In general, here are some tips for slowing down atheroma buildup in your arteries:
- Don’t smoke or use tobacco products. Tobacco use is a huge risk factor for cardiovascular diseases. Talk with your provider about resources to help you quit.
- Eat a heart-healthy diet. Avoid foods high in saturated fat. These include fatty meats and full-fat dairy products. Eliminate any foods containing trans fat (like fast food and packaged convenience foods). Limit your intake of sugar, sodium and refined carbohydrates (like white bread).
- Exercise. Aim for 150 minutes of moderate-intensity exercise per week. This could mean you take a 30-minute walk five days per week. Or, find other activities you enjoy, like cycling or swimming. It’s important to check with your provider before starting a new exercise plan.

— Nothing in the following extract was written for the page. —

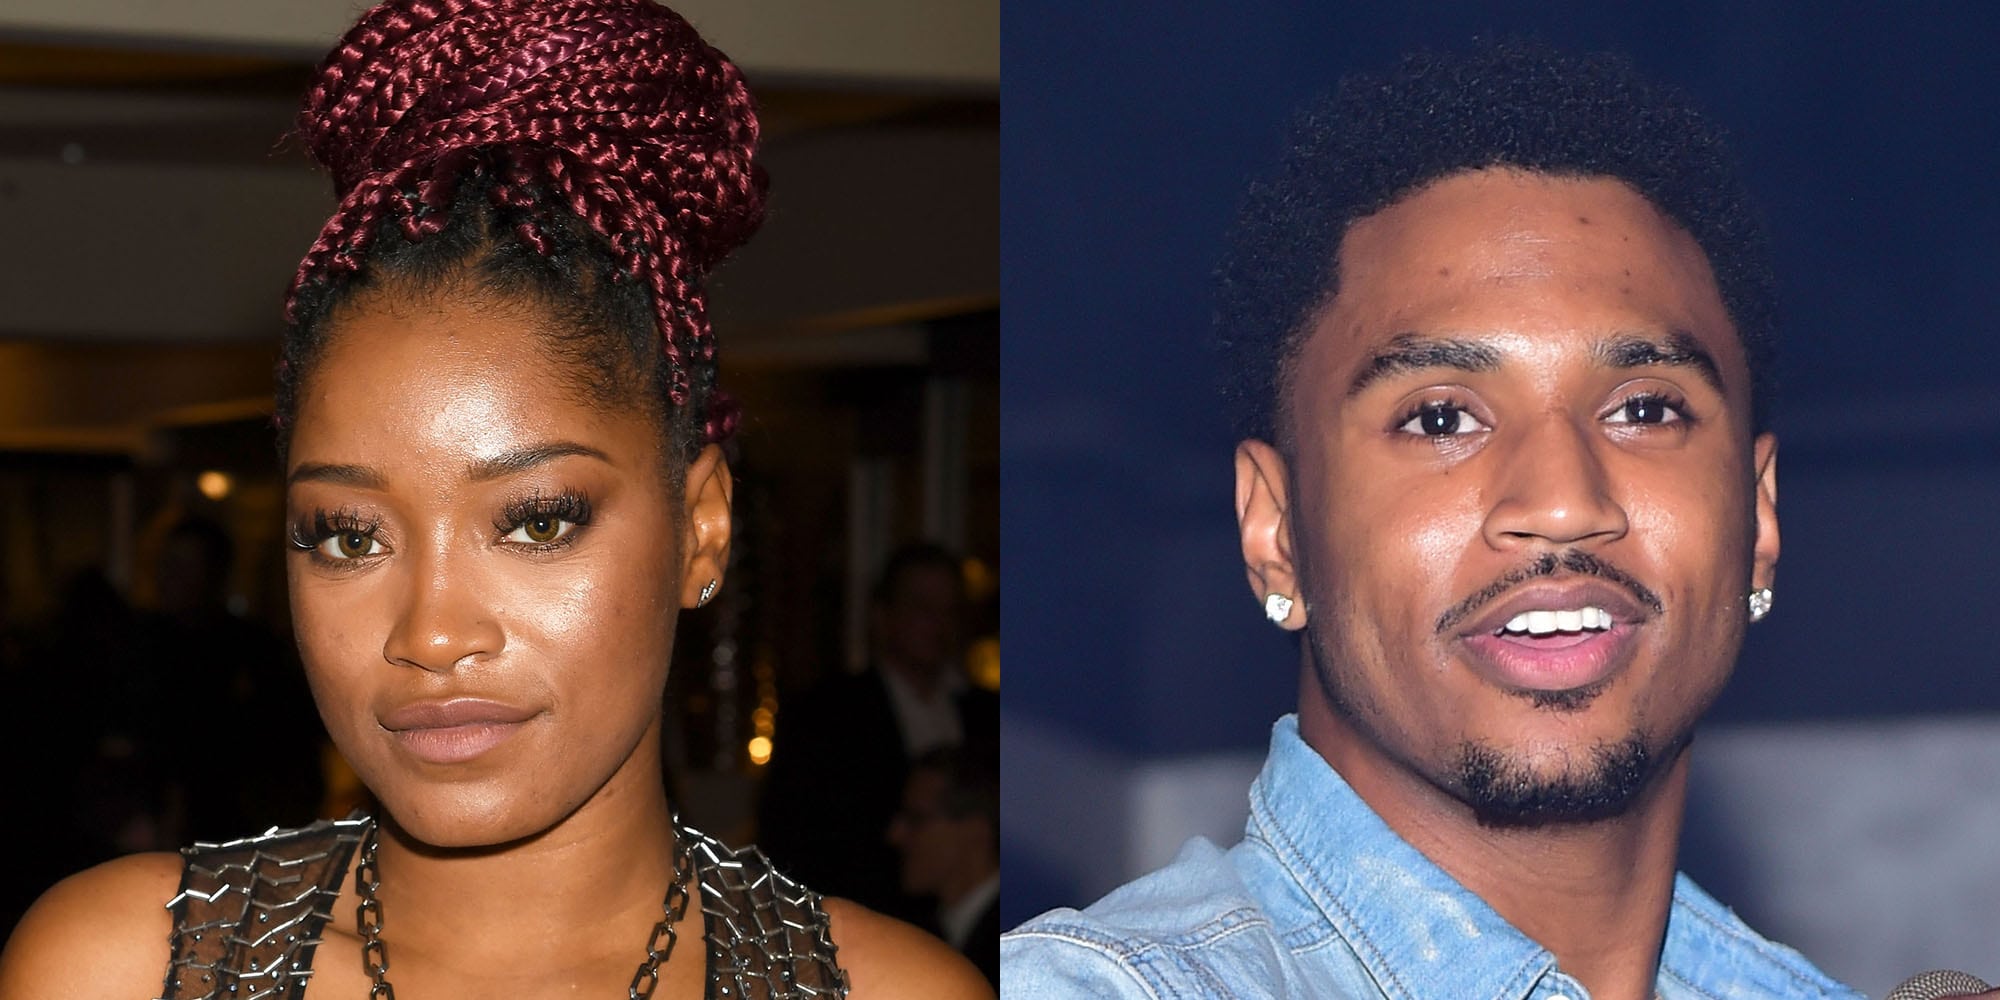 Trey Songz Used A Cameo Of KeKe Palmer Without Her Permission| Throwback

- Take your medications as prescribed. Medications can help you manage risk factors for atherosclerosis. Your provider may prescribe blood pressure medication, cholesterol medication or other drugs. If you experience side effects, talk with your provider right away. Never stop taking a medication without talking to your provider first.
- Visit your healthcare provider for yearly checkups. Your provider will assess your risk for atherosclerosis and other cardiovascular diseases. Be sure to keep your follow-up appointments, and share any questions or concerns you have.
A note from Cleveland Clinic
Whether you call it atheroma or plaque, that fatty substance in your arteries isn’t beneficial to your health. But in the battle against atherosclerosis, you’re not alone. Talk with your healthcare provider about ways to slow the progression of plaque buildup in your arteries. Lifestyle changes like quitting smoking and eating healthy foods can help protect your arteries for years to come.